"I picked up the paper Tuesday morning and read that you had been eliminated by Gilbert Hunt. A few moments later, I discovered Lin a telegram from me] that you had been eliminated by Gilbert Mumps and were in a hotel at Seabright swollen up with mumps and I imagine pretty well disgusted with the whole thing. At any rate, that's life.
"You will encounter all sorts of these little upsets as you journey along, and you will have to learn to adjust yourself to them or gradually go nuts. According to the wire, you are resting well and being taken care of by a nurse. I hope she is beautiful and that she has red hair. I don't know why it is, but whenever I think of a nurse I always imagine she should have red hair. It makes a man want to recover his health quickly, so that he will have the strength to get up on his feet and get her off hers."

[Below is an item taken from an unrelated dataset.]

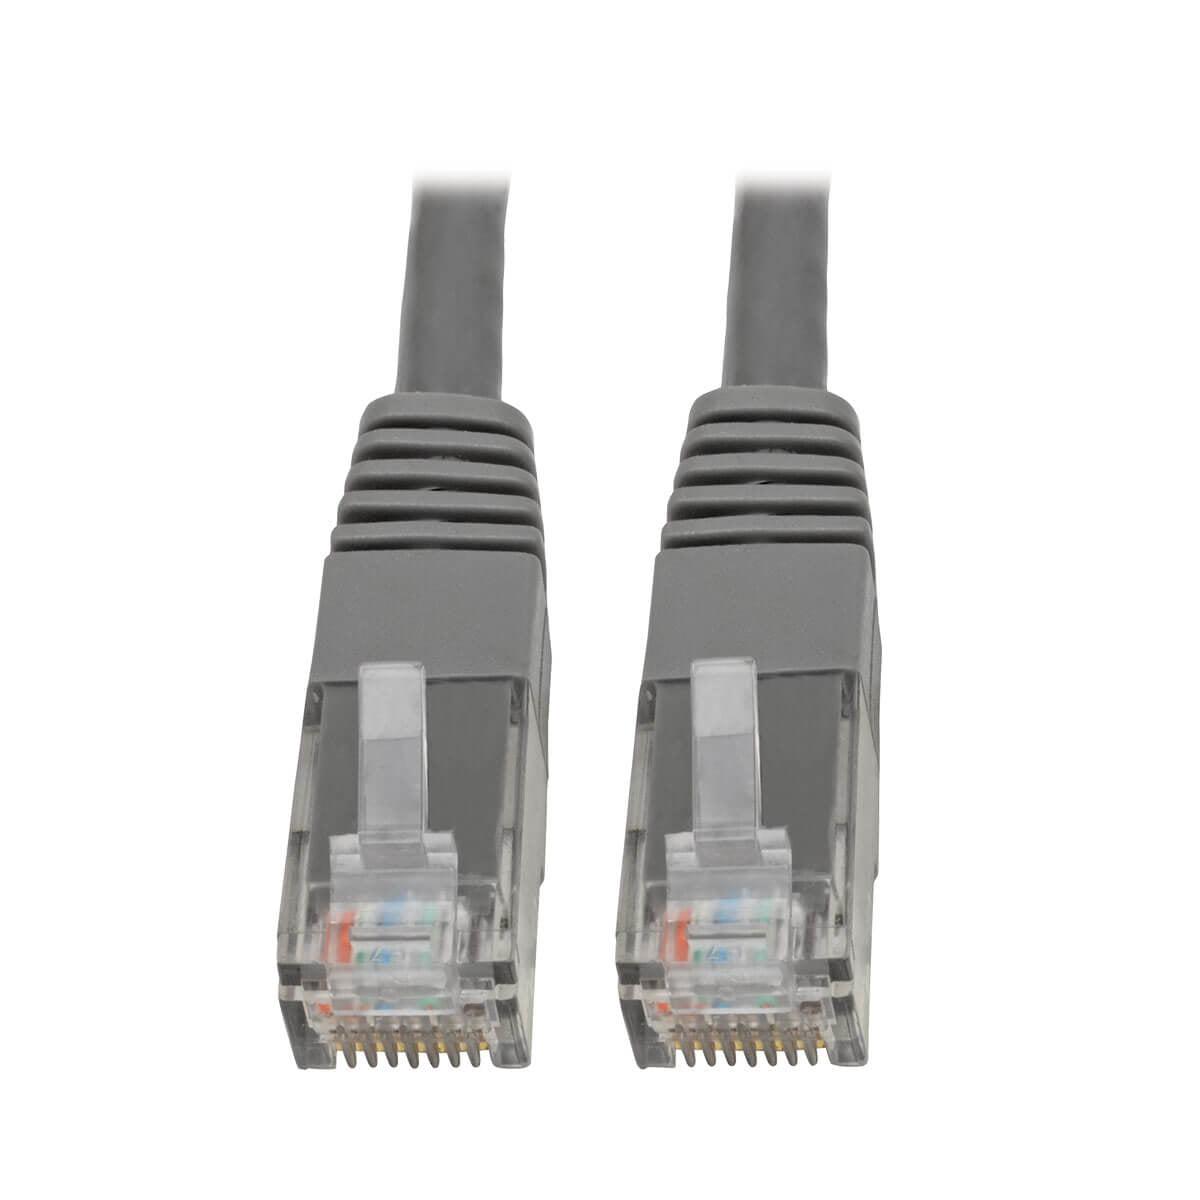 Tripp Lite N200-006-Gy Cat6 Gigabit Molded (Utp) Ethernet Cable (Rj45 M/M), Gray, 6 Ft. (1.83 M)

The mumps eliminated me from any further competition in 1940, but undaunted, I was back on the circuit the following year. I played one good rematch at Seabright against the same Gilbert Hunt who had eliminated me the year before. Without the mumps, I eliminated him. But the rest of the summer of '41 isn't worth talking about. In September, following a series of bad losses, I received this solace by mail from my father:
"Don't worry about whether you win or lose; we don't care. The main thing is to have a good time and keep your health. When you win, we love it; when you don't, we love you just the same. Forgive me for becoming so sentimental, but I always have the feeling when you lose that you feel bad for our sake. But it's really unimportant, and with the whole world rapidly catching on fire, it's becoming less important by the day. I got my money's worth out of your game the day you beat Kramer. Anything you did from that point on was pure velvet."
America's entry into World War II a few months later pretty much pulled the plug on my career as a tennis player, and on Groucho's as one of the alltime great tennis fathers. After my discharge from the service in 1945, I took his advice, dropped tennis and went to work full time. However, in 1948 I once played hookey from my radio writing job with Edgar Bergen to play in the Santa Monica Open. That week, at the ripe old age of 27, I finally came through for my father. I won the singles, doubles and mixed doubles titles while Groucho sat smugly in the bleachers, saying proudly to any stranger who happened to be in the seat next to him, "That can't be my son. He always loses in the finals!"